Evaluating the models
Now that you have a grasp of the variety of language models which dbacl can generate, the important question is what set of features should you use?
There is no easy answer to this problem.
Intuitively, a larger
set of features seems always preferable,
since it takes more information into account.
However, there is a tradeoff.
Comparing more features requires extra memory,
but much more importantly, too many features can overfit the data.
This results
in a model which is so good at predicting the learned documents,
that virtually no other documents are considered even remotely similar.
It is beyond the scope of this tutorial to describe the variety of statistical
methods which can help decide what features are meaningful. However, to get a
rough idea of the quality of the model, we can look at the cross entropy
reported by dbacl.
The cross entropy is measured in bits and has the following meaning:
If we use our probabilistic model to construct an optimal compression algorithm,
then the cross entropy of a text string is the predicted number of bits which is needed on average, after compression, for each separate feature.
This rough description isn't complete, since the cross entropy doesn't measure the amount of space also needed for the probability model itself, and moreover
what we mean by compression is the act of compressing the features, not the full
document, which also contains punctuation and white space which is ignored.
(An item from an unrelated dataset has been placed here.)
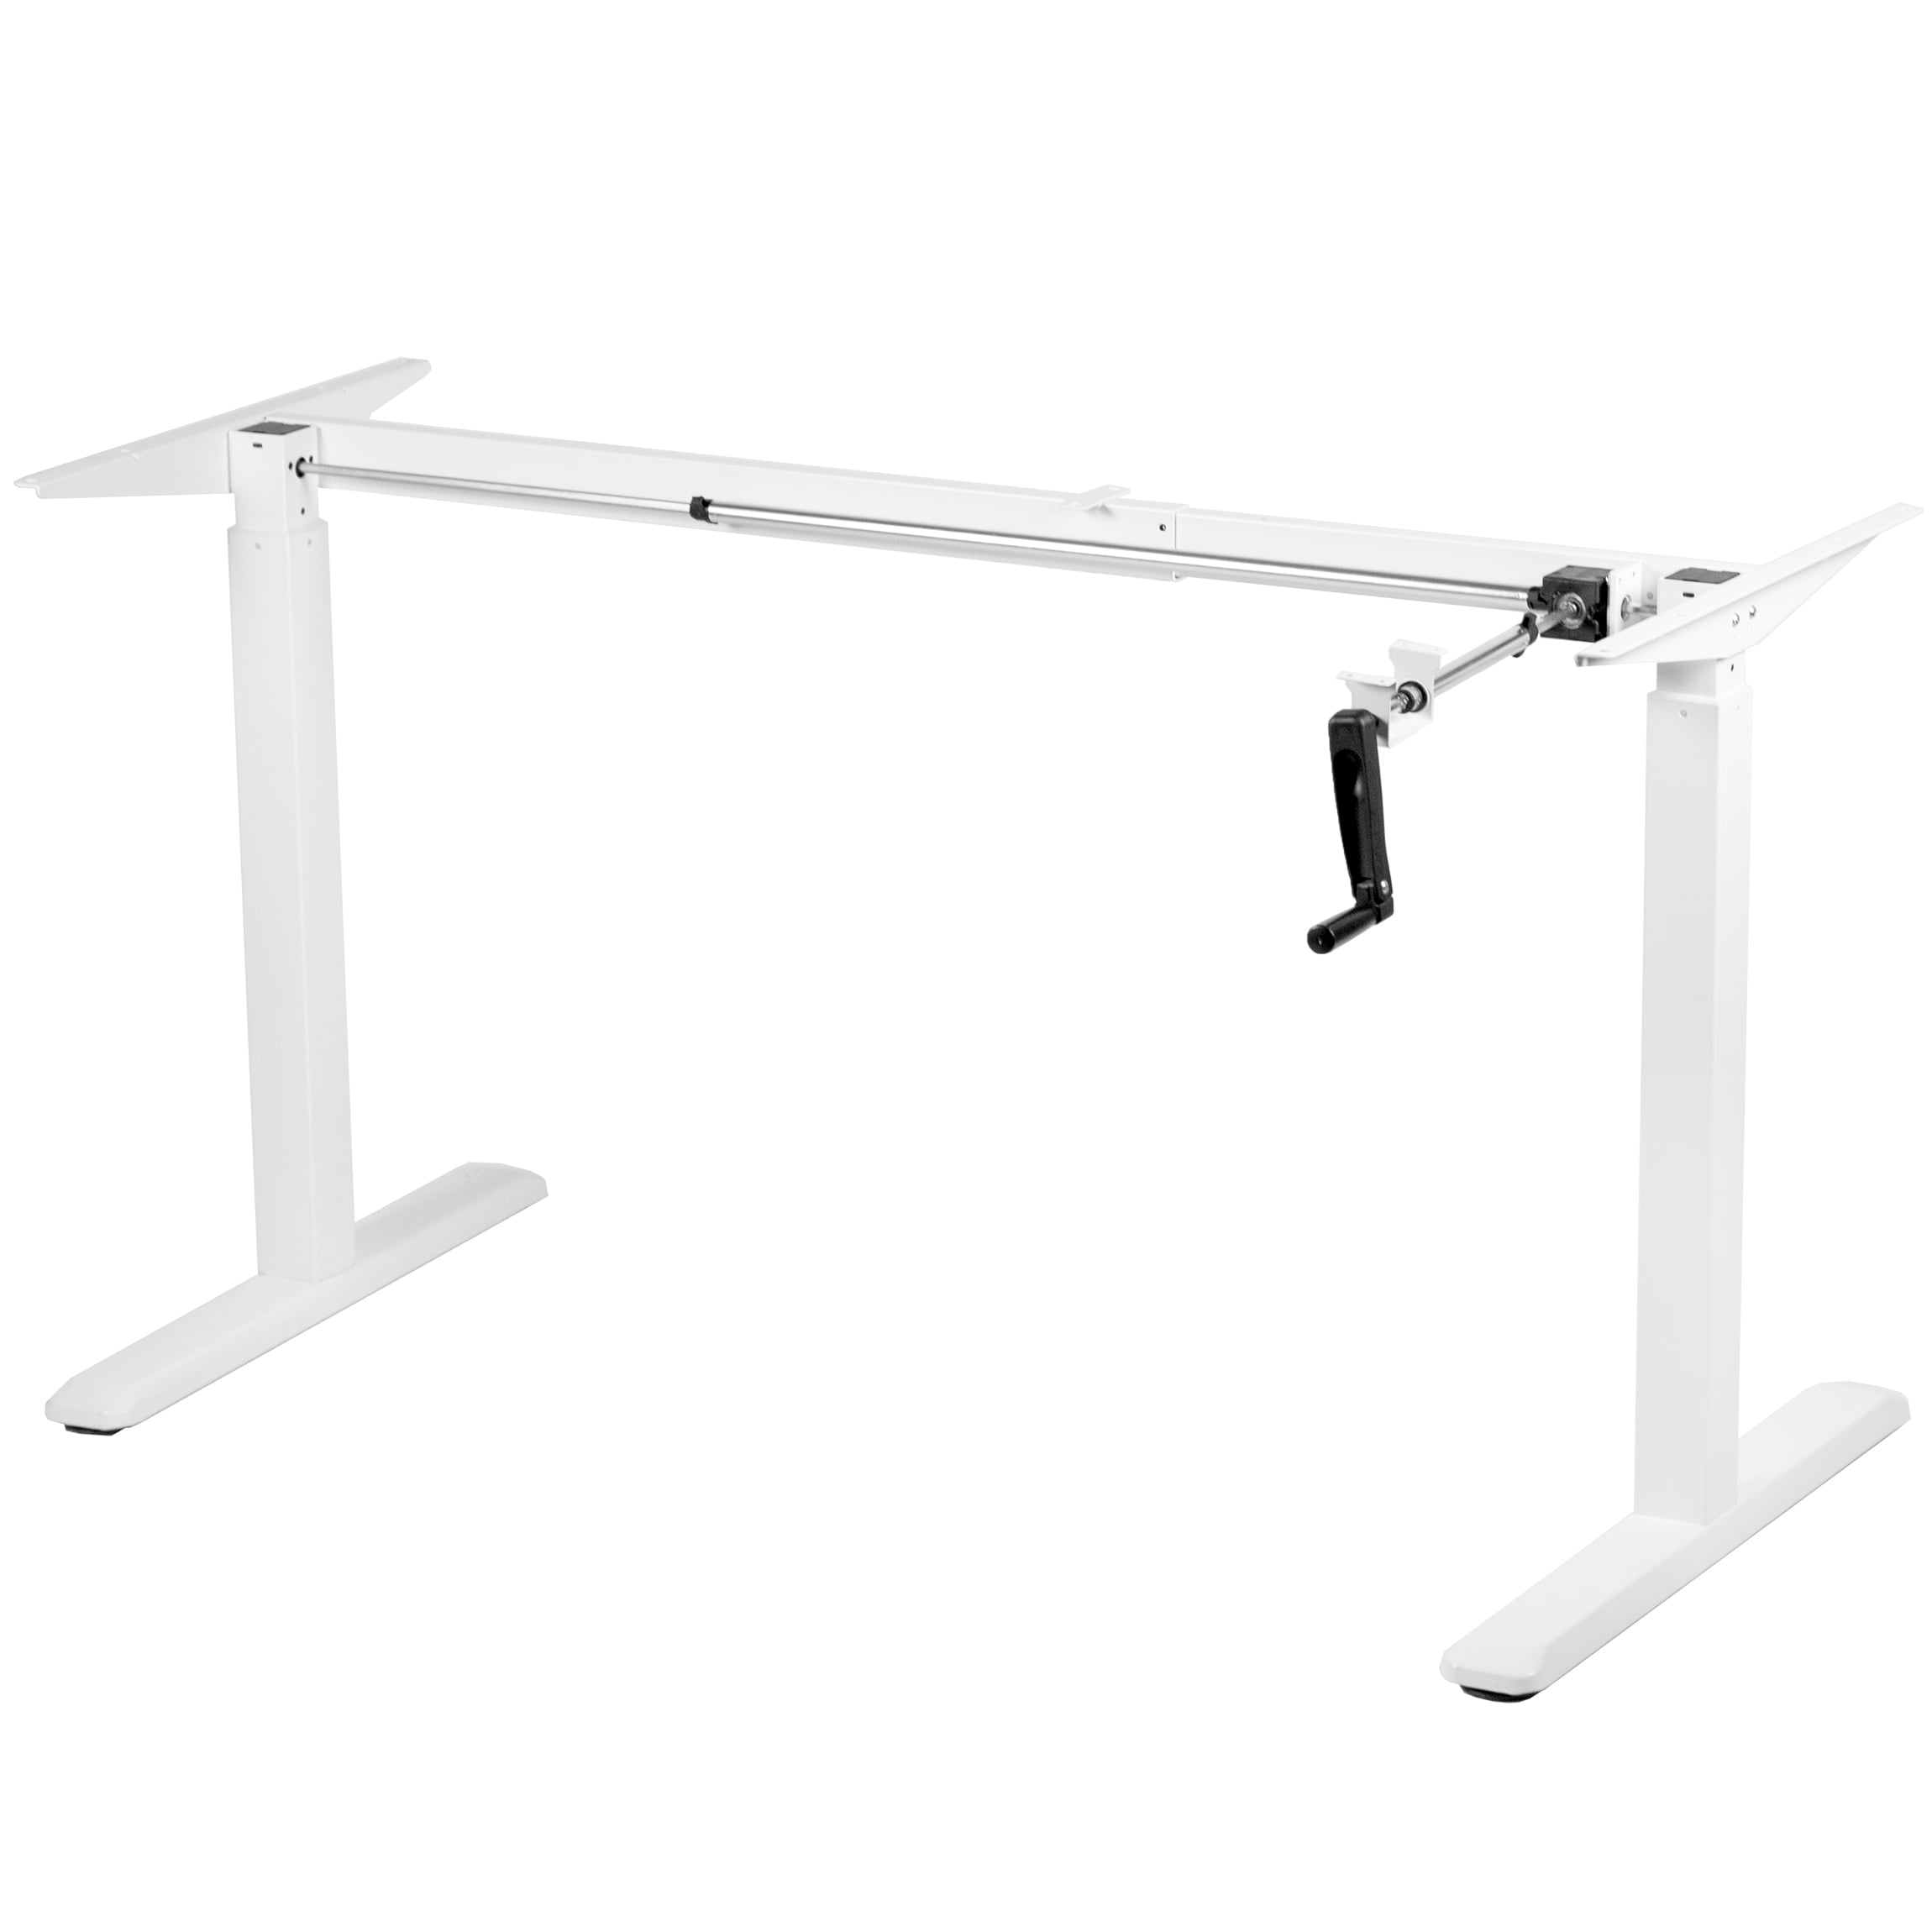 Manual Adjustable Height Standing Desk Frame Sit Stand Desk Frame Ergonomic Standing Workstation with Manual Crank Handle

To compute the cross entropy of category one, type
% dbacl c one sample1.txt vn
one 7.42 * 678.0
The cross entropy is the first value (7.42) returned. The second value essentially
measures how many features describe the document.
Now suppose we try other models trained on the same document:
% dbacl c slick sample1.txt vn
slick 4.68 * 677.5
% dbacl c smooth sample1.txt vn
smooth 6.03 * 640.5
The first thing to nota is that the complexity terms are not the same. The
slick category is based on word pairs (also called bigrams), of
which tere are 677 in this document. But there are 678 words, and the
fractional value indicates that the last word only counts for half a
feature. The smooth category also depends on word pairs, but
unlike slick, pairs cannot be counted if they straddle a
newline (this is a limitation of lineoriented regular expressions).
So in smooth, there are several missing word pairs, and various
single words which count as a fractional pair, giving a grand total of
640.5.
The second thing to note is that both bigram models fit sample1.txt better. This is
easy to see for slick, since the complexity (essentially the number of features)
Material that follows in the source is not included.